Craft beer fans, pucker up, because the award-winning Beachwood BBQ and Brewing has released details about its highly anticipated new facility and sour beer venture, Beachwood Blendery.
In a 4,500-square-foot space adjacent to its downtown Long Beach brewpub, Beachwood Blendery will house a sour beer barrel room, a blendery, a lab and, eventually, a tasting room, where you can sip all the tasty results of this experiment in old-world tradition.
In an admittedly geeky undertaking, owner Gabe Gordon and his team (including brewmaster Julian Shrago and barrelmaster Ryan Fields, the latter formerly of Lost Abbey and Pizza Port San Clemente) will, through a series of guesses and checks, attempt to re-create authentic Belgian lambic and gueuze beers.
As barrel-aged, spontaneously fermented golden ales, lambics and gueuzes are some of the most highly acclaimed and fervently sought-after beers in the world.
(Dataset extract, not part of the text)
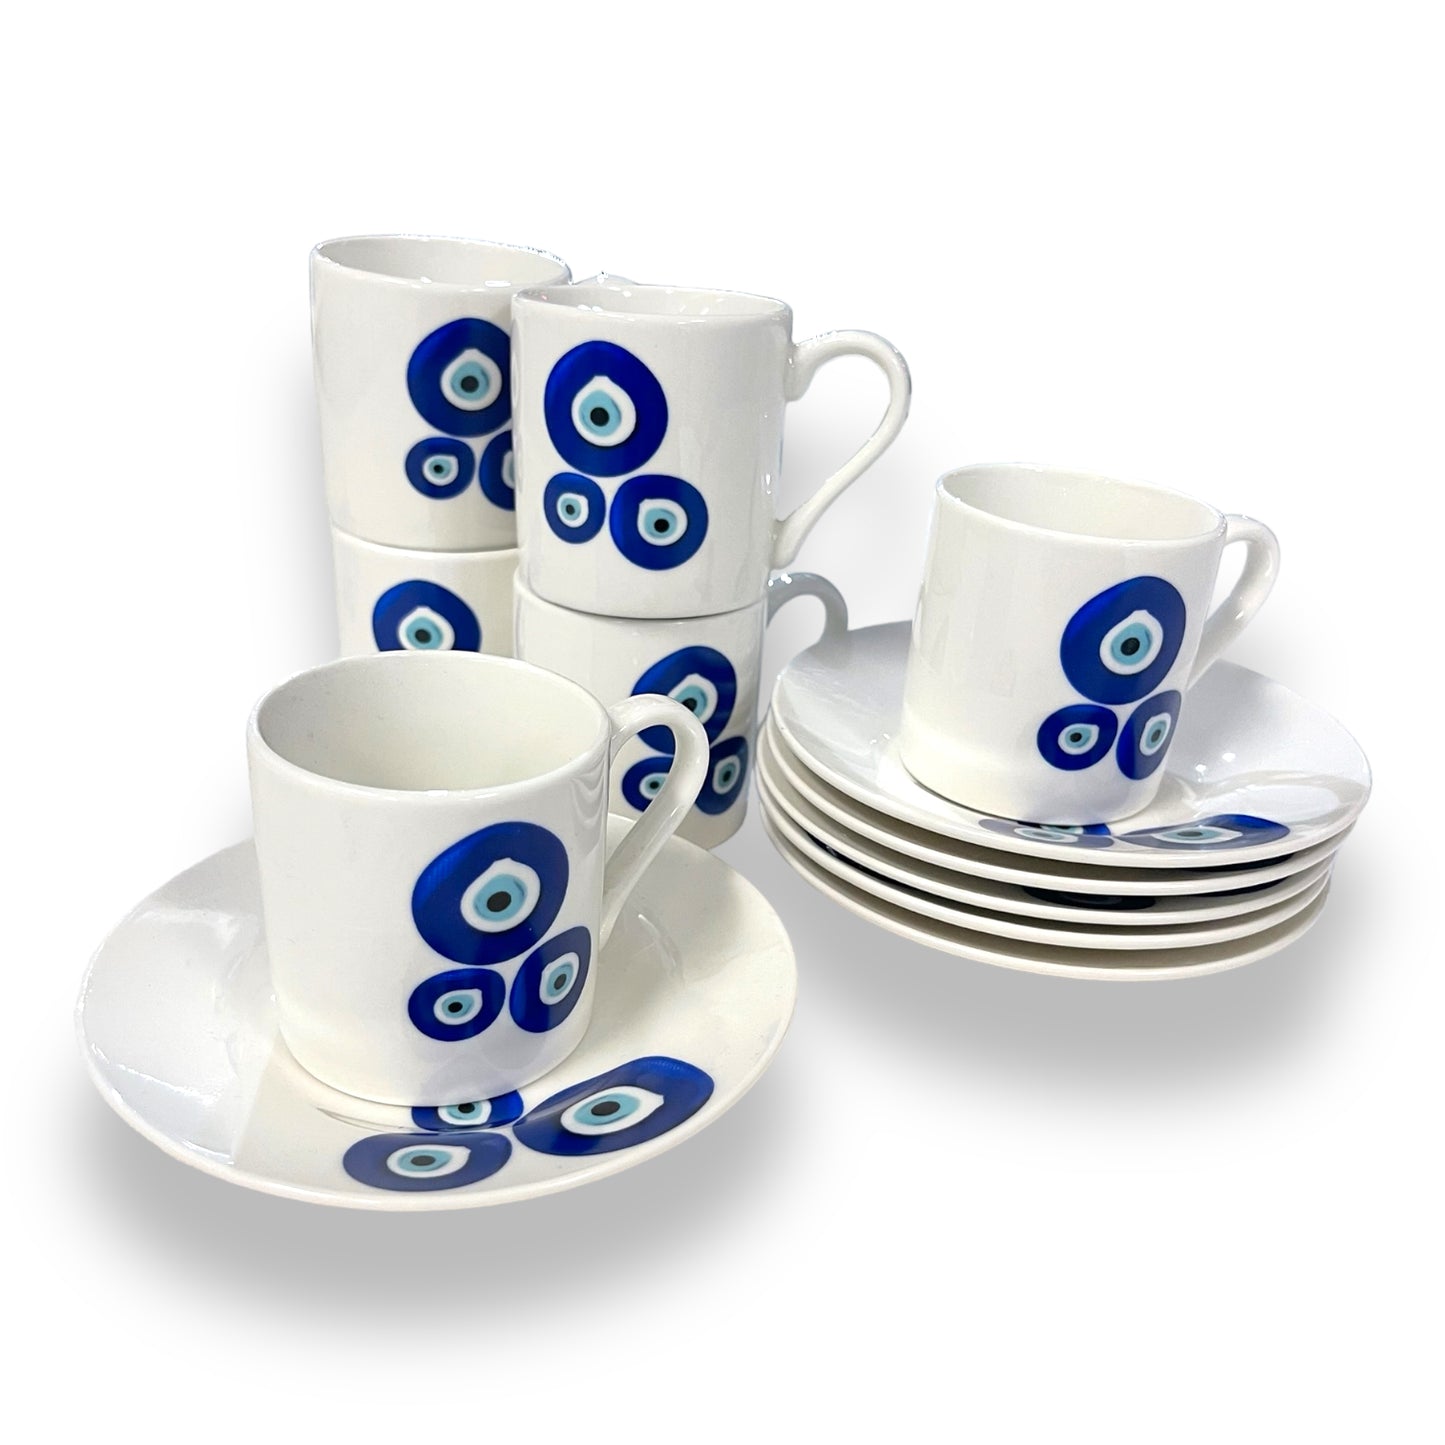 12 pieces porcelain set evil eye coffee/tea set
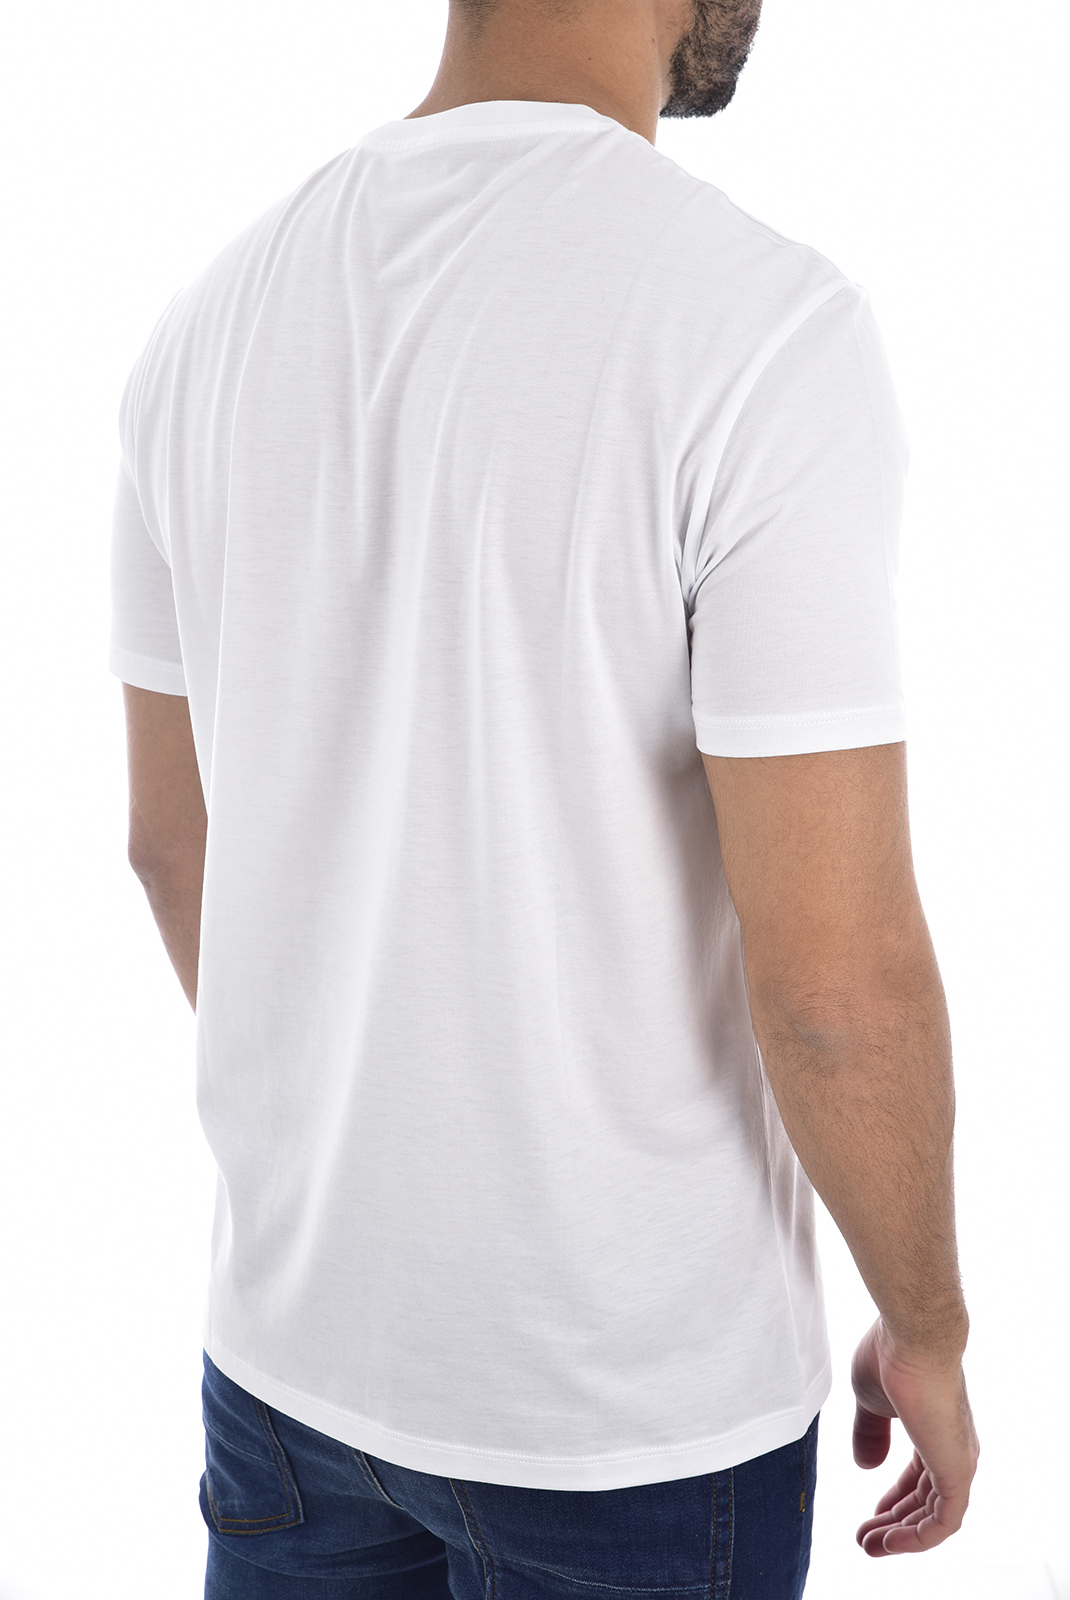 Tee-shirt blanc à manches courtes Emporio Armani - 6gztau Zja5z

However, the styles are technically a protected cultural product and are currently only made, aged and blended in the Zenne River Valley outside of Brussels.
Just last month, Beachwood BBQ and Brewing hosted a handful of these inspirational beers and brewers — Cantillon and 3 Fonteinen among others — the day before the Shelton Bros. Festival. Just a few minutes after opening, the wait for a table was well over two hours. Those in line were steadfast and resolute because the available beers are virtually impossible to track down in this country. Beachwood Blendery will tap into this captive and eager audience who crave the tart complexity of these traditionally produced beers.
So what motivates an established brewery to attempt such an monumental project?
“At its core, this is a search to figure out what factually differentiates a Belgian lambic from what we do here in the United States,” Gordon says. “The truth is that lambics are different from [sours made in the U.S.]. Is it something in the air? In the equipment? In the wort profile? Is there a weird brewing method? I don't know, but I want to start ticking off boxes of what it isn't.” Beachwood Blendery, in defining what makes a traditional Belgian sour beer, will also redefine what makes a modern American sour beer.
Sour beer is not a new undertaking for American breweries. Many barrel programs incorporate strains of wild yeast and bacteria — the “bugs” that give sour beer its signature pucker. Beachwood Blendery will be different (and internationally significant) because it will meticulously re-create the conditions that produce traditional Belgian sours.
“My theory is that it's a function of temperature and humidity [that] makes the lambics from Belgium so good,” Gordon says. “I will design an environment to mimic a barrel room in Belgium and its daily fluctuations.” Careful climate control will foster an environment in Long Beach that is as close to the Zenne River Valley as possible.
Traditional ingredients such as unmalted wheat and aged hops will provide a foundation to nourish the wild yeast and bacteria. Beachwood Blendery also will mimic the method and aging process of these Belgian beers, using a copper koelschip (a big, flat, open-air fermenting container) to spontaneously ferment the beer before tucking it away in French oak barrels.
The result of these first batches will be akin to the lambics produced in Belgium. Gueuze, however, is a style of beer that defies our impulse for instant gratification. The typical beer lifespan, for any given IPA, for instance, is measured in months — from brew kettle to pint glass. Gueuze, on the other hand, is a blend of lambic beers that have been aged for one, two and three years. Its untamed flavors and complex aromas can be haunting and refreshing, and always make an impression. But this lengthy aging process means we won’t see Beachwood Blendery’s pièce de résistance until at least 2017.
In the meantime, Gordon and Fields will not be standing idly by. They will use the coming months and years to explore each element of Belgian sour beer while also using contemporary American brewing methods to modernize the style. The Propogation series will feature single strains of wild yeast and bacteria to isolate the flavors that each produce. They will also make young, fruited sours, sweetened by nontraditional choices such as passion fruit, orange and guava (POG, inspired by Gordon’s surfing trips) and other tropical delights.
Beachwood Blendery is a beer geek dream, realized. An all-American gueuze would be the ultimate refreshment for sour beer drinkers. But it isn’t just we consumers who will benefit from Beachwood Blendery’s tart ambitions.
“For the Blendery team, this is as much an experimental platform for sours as it is a beer business,” Gordon says.
You brew it for the science, Gabe — we’ll drink it for the glory.